Half of companies in the North-east of Scotland expect their profits to grow in 2024 as the region looks set to outperform the rest of the UK, according to new report.

Growing international demand for goods and services from Aberdeen and Aberdeenshire is driving increased confidence among companies in the region.

The North-east Quarterly Economic Survey, launched today by Aberdeen & Grampian Chamber of Commerce, in partnership with law firm Gilson Gray, benchmarks key indicators in the region’s economy against the wider UK.

The report reveals that companies in the region are bullish about their prospects this year as inflationary pressures ease.

Four key findings will be outlined and discussed at a special Chamber Breakfast Briefing in Aberdeen this morning.

They are:


The latest data, again, reaffirms the status of our region as an export powerhouse. 36% reported international sales growth in Q4 (28% nationally) and just 9% reported declining sales (v 24% UK wide).

And 32% of North-east respondents are forecasting growth this year in overseas activity (26% UK) with just 10% of regional firms expecting this to decline (v 25% nationally).


North-east businesses are more confident than their UK peers about turnover and profitability growth in 2024. 58% expect revenues to increase (v 56% nationally) and 50% are forecasting profit growth (47% UK).

Almost one third (31%) of companies both in this region and across the country expect to see increased domestic sales into 2024. Interestingly though, just 19% of North-east firms expect to see a decline compared to 25% nationally.


Firms here growing faster, with 38% expecting staff numbers to increase in 2024 against 31% nationally.

And while 76% of firms nationally reported difficulties in recruiting suitable staff, this was lower in our region at 71%.

However, while 51% of UK companies said they had difficulty in finding candidates for skilled manual & technical staff, this figure is higher in the Aberdeen region at 64%.


One of the most startling differences between the regional and UK data comes when we look at upward cost pressures on businesses. In almost every metric, North-east firms are feeling the heat more than peers nationally.

Most marked are fuel 66% (37% UK) and labour costs 79% (67% UK).

Inflation remains the largest growth constraint nationally although this is being felt marginally less in this region. However, North-east firms are more concerned about interest rates, taxation and business rates than the UK as a whole.


Only 24% of firms increased investment in plant/machinery/equipment during the quarter while 19% decreased spending on this. Most of the survey responses were already received before the Autumn Statement, so it will be interesting to see any impact from the announcement around full capital allowances expensing relief in the Q1 2024 data.

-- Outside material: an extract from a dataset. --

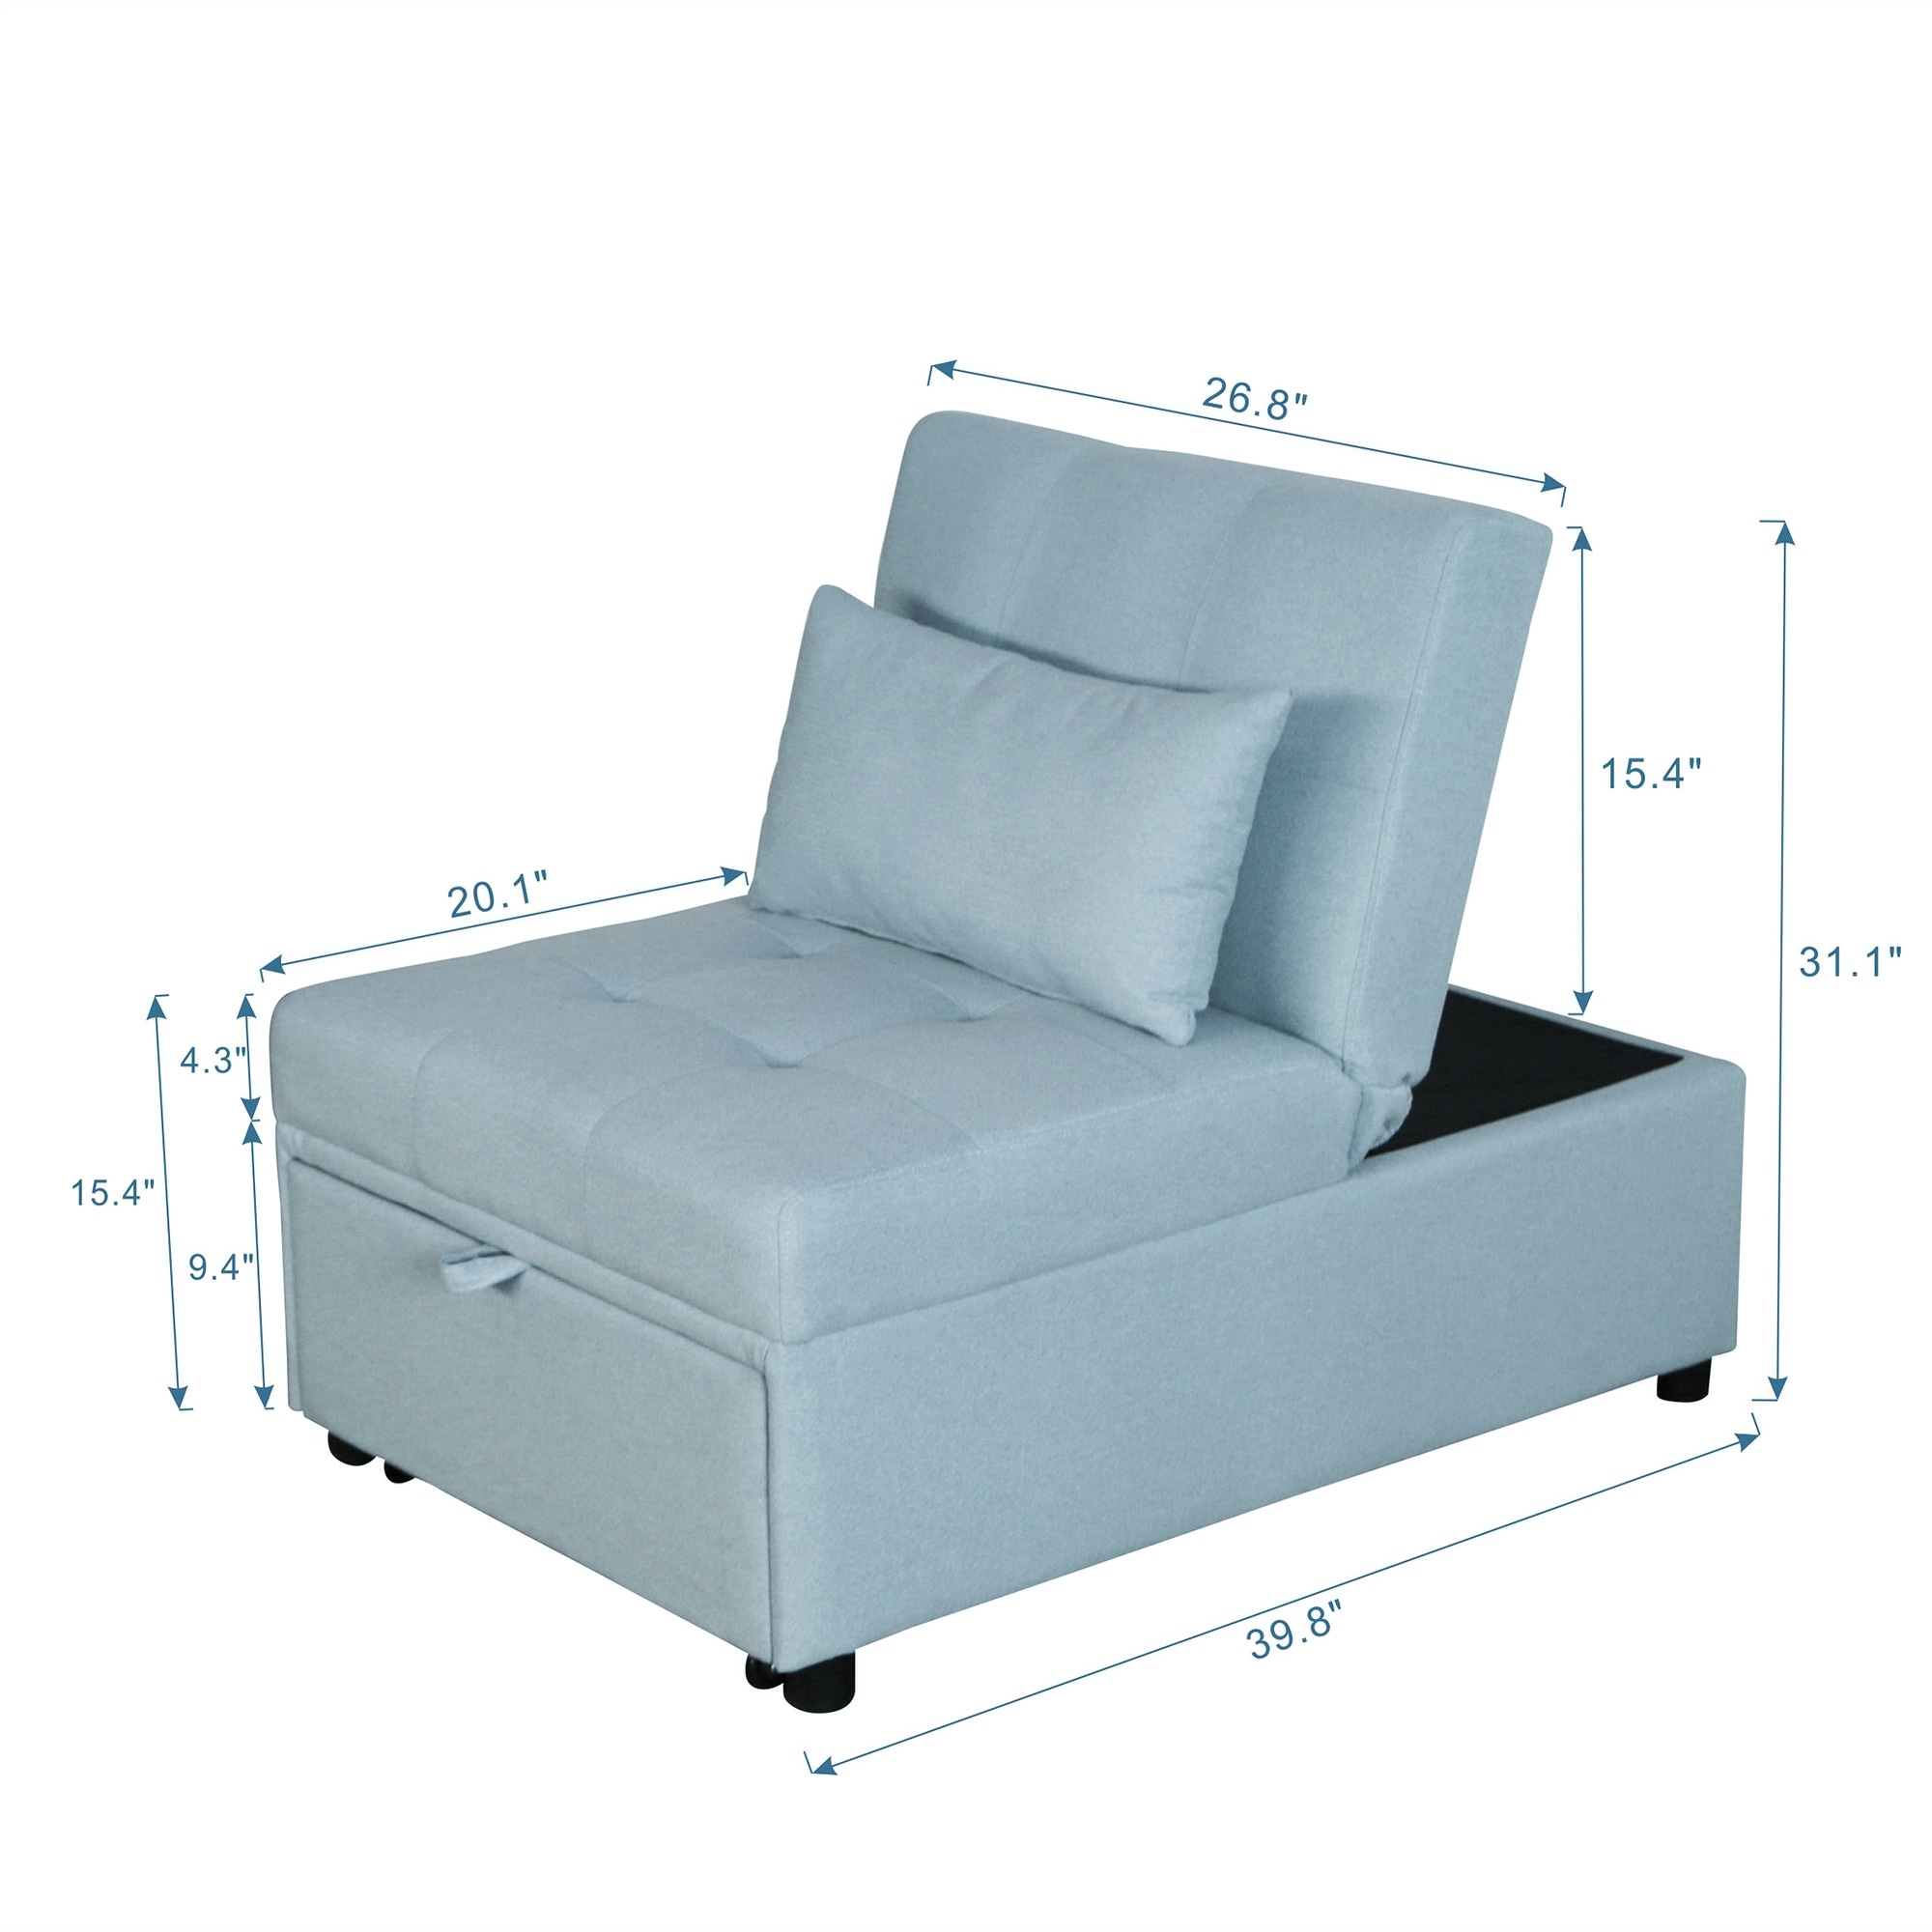 70.90" Single Sofa with Storage for Living Room, Apartment, Office, Collapsible Back Sofa, Armless Sofa, Sleeper Sofa

At a sector level, B2B/services businesses displayed significantly greater confidence and future investment intention than manufacturing, retail and hospitality firms- the latter continuing to fare very badly since the pandemic with nearly a third (32%) of respondents reporting a decrease in investment.

Despite the recent slowing, inflation remains the biggest current concern for businesses with 58% citing this as an issue, however this is down from 80% a year ago. And recent better news on interest rates has seen companies concerned about borrowing costs reduce to 39% (from 45% in Q3).

Findlay Anderson, Partner, Head of Corporate at Gilson Gray

Findlay Anderson, Partner, Head of Corporate at Gilson Gray


Russell Borthwick, Chief Executive at Aberdeen & Grampian Chamber of Commerce, said: “It is clear from the data we are seeing that there is a growing confidence among companies in the North-east.

“Almost three quarters of the firms we surveyed are exporting their good or services, underlining the global demand for our products and expertise.

“For all of the positives, it is very clear that the UK is still teetering on the brink of a recession. We need imaginative plans for enabling economic growth, something which needs to be front and centre of the forthcoming election campaign.”

Findlay Anderson, Partner, Head of Corporate at Gilson Gray, said: “It is encouraging to see a large majority of local firms reporting sales growth both domestically and internationally. The region’s strength as an exporter continues to position it more robustly than other parts of the UK and the report generally points to growing confidence in local businesses.

“However cost, payment and pricing pressures continue to be a challenge to profitability and businesses will require to retain a focus on strong rigours to navigate these factors during 2024.”

Shevaun Haviland, Director General of the British Chambers of Commerce said: “Our data shows business confidence is growing, but real challenges remain in the coming year.

“Worries about interest rates and inflation remain at historically high levels, despite a slight easing of concern.

“The recruitment challenges many firms are facing underlines our calls for a skills plan from Government alongside an affordable immigration system.

“Investment continues to the Achilles' heel for business. The Chancellor’s decision in his Autumn Statement to make full expensing permanent was very welcome. 2023 needs to be the year when companies are given further assistance to invest.

“In the noisy election year ahead, it is crucial politicians remain focused on growing the economy and helping businesses thrive.”